Saque el reactivo requerido del ambiente de almacenamiento en frío a 4 ℃ y colóquelo a temperatura ambiente durante más de 30 minutos. Es posible que haya cristales que deban restaurarse a temperatura ambiente para que se disuelvan por completo cuando la solución de lavado se almacene en frío. Cada reactivo líquido debe agitarse antes de su uso. Saque la cantidad requerida de placas y marcos microporosos, coloque las placas microporosas no utilizadas en bolsas autosellantes y guárdelas a 2-8 ℃.

Antes del experimento, la solución de lavado concentrada se diluye 20 veces en la solución de lavado de trabajo 20 veces.

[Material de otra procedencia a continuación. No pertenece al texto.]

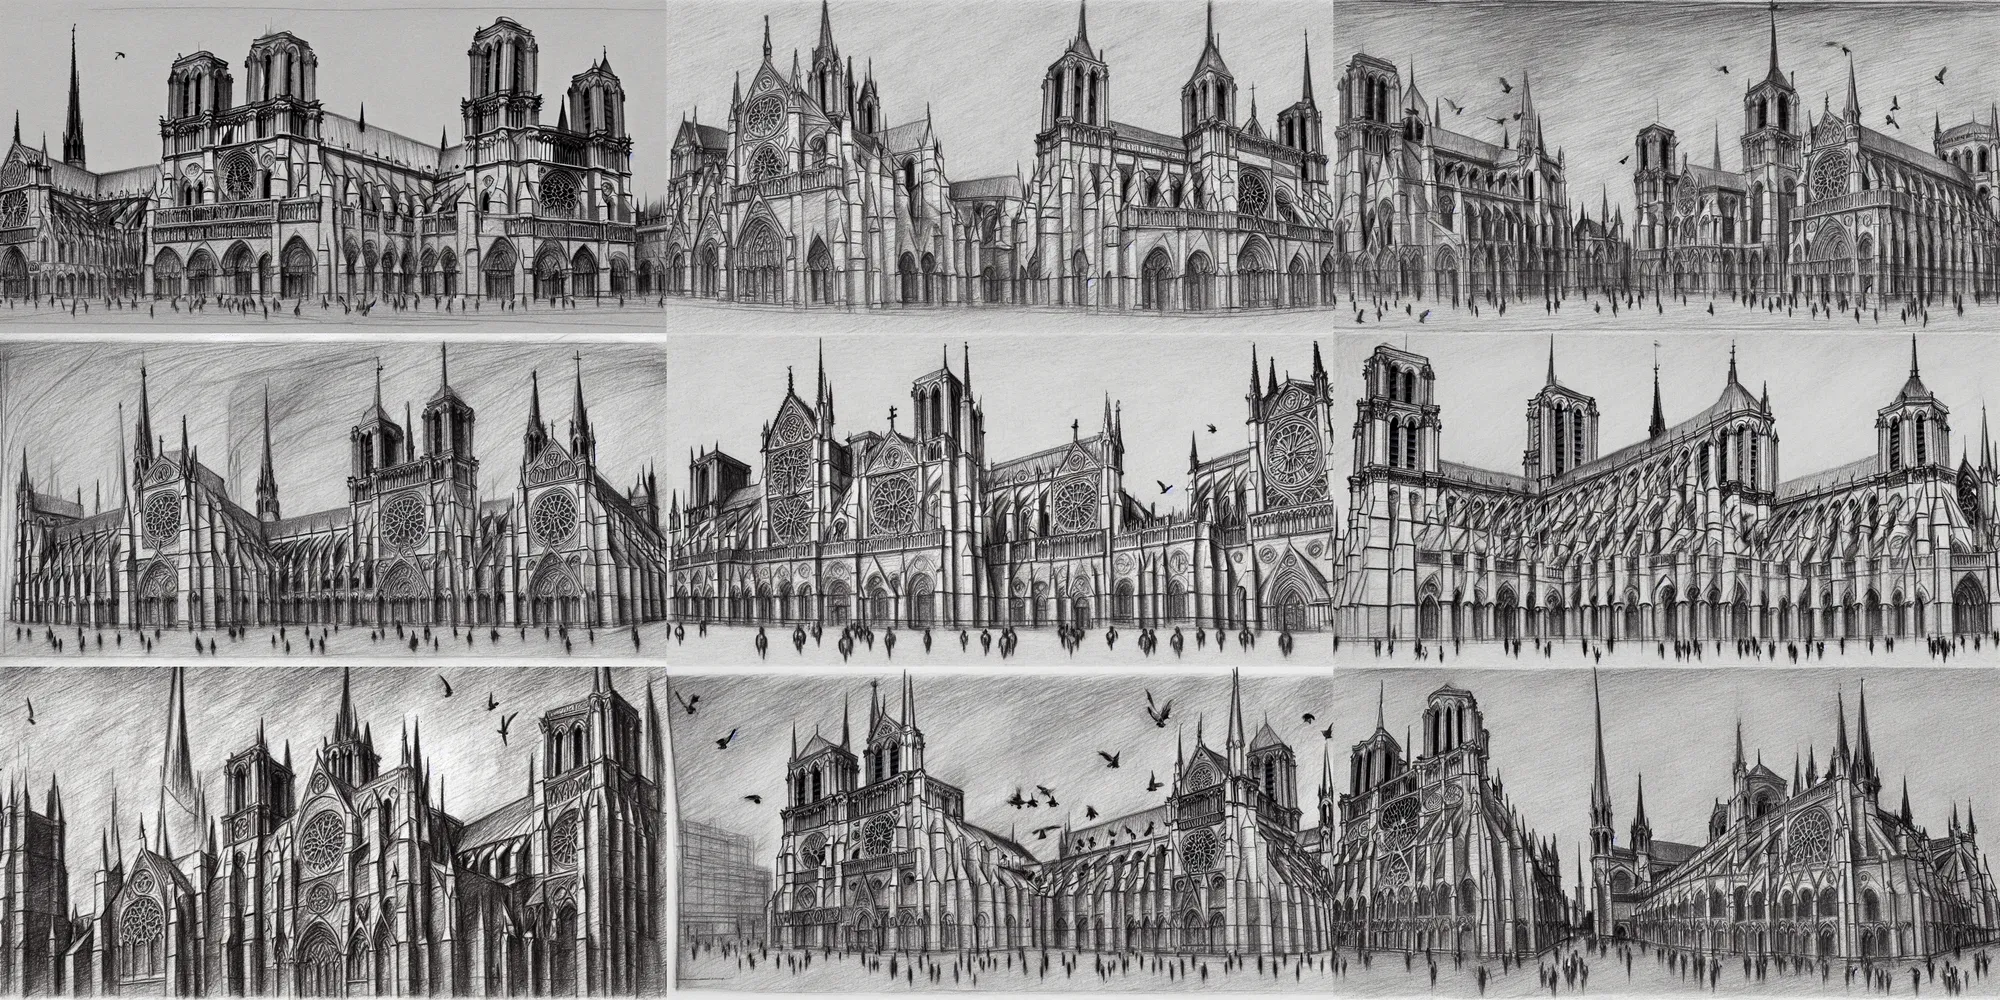 Prompt: notre dame on fire, 3 point perspective, architecture pencil sketch by leonardo da vinci featuring pigeons fleeing the scene, birds eye

6.1 Numeración: numere los pocillos correspondientes de la muestra y el estándar en secuencia, haga dos orificios paralelos para cada muestra y estándar, y registre la posición del orificio estándar y del orificio de la muestra.

6.2 Reacción de adición de muestra: agregue 50 µl/pocillo de estándar o muestra en sus respectivos pocillos, luego agregue 50 µl/pocillo de marcador enzimático, luego agregue 50 µl/pocillo de solución de trabajo de anticuerpo, selle la placa con una tapa membrana, agitar suavemente durante 5 segundos, mezclar y reaccionar a 25 ℃ durante 30 minutos.

6.3 Lavado: Retire con cuidado la membrana de la placa de cubierta, seque el líquido en el orificio, lave completamente el orificio con solución de lavado de trabajo de 250 µl/orificio durante 5 veces, con un intervalo de 30 segundos, y séquelo con papel absorbente (el Las burbujas que no se eliminan después de la palmadita se pueden perforar con un cabezal de pistola limpio).

6.4 Desarrollo del color: agregue 50 µl de solución de sustrato A y 50 µl de solución de sustrato B a cada orificio, agite suavemente durante 5 segundos, mezcle bien y desarrolle el color en la oscuridad a 25 ℃ durante 15 minutos.

6.5 Terminación: agregue 50 µl de solución de terminación a cada orificio, agite suavemente y mezcle bien para terminar la reacción.

6.6 Medición del valor de absorbancia: use el probador de aflatoxinas para medir el valor de absorbancia de cada orificio a 450 nm (se recomienda una longitud de onda dual de 450/630 nm). La determinación deberá completarse dentro de los 10 minutos posteriores a la finalización de la reacción.

6.7 El probador automático de aflatoxinas ST-2000A completa automáticamente la determinación y produce los resultados automáticamente.